Collection entries:
───

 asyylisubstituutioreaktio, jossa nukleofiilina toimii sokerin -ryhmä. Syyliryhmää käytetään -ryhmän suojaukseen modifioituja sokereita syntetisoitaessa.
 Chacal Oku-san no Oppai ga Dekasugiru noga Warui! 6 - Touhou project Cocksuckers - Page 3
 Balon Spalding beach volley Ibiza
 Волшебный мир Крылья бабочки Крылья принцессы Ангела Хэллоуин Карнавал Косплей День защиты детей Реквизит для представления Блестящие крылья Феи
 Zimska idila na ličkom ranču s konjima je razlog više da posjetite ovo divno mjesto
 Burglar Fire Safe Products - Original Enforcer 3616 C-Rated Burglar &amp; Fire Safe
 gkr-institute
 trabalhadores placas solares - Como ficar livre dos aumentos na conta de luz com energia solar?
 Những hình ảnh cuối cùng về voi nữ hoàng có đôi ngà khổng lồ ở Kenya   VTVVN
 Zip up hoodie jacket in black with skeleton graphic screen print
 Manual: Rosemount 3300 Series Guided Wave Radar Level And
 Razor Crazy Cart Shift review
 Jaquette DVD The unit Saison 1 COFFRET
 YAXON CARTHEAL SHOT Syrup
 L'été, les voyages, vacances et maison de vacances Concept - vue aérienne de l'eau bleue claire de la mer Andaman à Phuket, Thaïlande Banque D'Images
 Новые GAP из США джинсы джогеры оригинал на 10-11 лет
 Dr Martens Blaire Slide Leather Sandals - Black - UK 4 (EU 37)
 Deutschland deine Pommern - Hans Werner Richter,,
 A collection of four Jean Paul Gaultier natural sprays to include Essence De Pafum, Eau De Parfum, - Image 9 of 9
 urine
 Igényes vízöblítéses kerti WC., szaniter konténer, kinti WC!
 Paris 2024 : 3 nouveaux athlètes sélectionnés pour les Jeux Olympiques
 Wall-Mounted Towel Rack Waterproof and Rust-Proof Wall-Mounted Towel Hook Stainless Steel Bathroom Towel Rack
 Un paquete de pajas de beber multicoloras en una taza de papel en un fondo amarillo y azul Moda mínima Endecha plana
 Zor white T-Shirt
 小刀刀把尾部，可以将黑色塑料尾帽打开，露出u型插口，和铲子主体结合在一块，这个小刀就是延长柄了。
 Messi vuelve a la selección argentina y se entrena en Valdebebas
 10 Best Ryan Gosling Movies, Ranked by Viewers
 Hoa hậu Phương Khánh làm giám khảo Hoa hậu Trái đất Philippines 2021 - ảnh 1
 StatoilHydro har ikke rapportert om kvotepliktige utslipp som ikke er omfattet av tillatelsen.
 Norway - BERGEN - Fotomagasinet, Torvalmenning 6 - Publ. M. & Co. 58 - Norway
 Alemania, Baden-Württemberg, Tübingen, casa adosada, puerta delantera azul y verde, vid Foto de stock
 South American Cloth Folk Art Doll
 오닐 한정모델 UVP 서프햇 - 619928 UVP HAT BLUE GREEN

───

• Activity
Stopping at the line containing "Balon Spalding beach volley Ibiza", please repeat exactly every line from the very start of the entries, that line included, and nothing more.

• Completed task
 asyylisubstituutioreaktio, jossa nukleofiilina toimii sokerin -ryhmä. Syyliryhmää käytetään -ryhmän suojaukseen modifioituja sokereita syntetisoitaessa.
 Chacal Oku-san no Oppai ga Dekasugiru noga Warui! 6 - Touhou project Cocksuckers - Page 3
 Balon Spalding beach volley Ibiza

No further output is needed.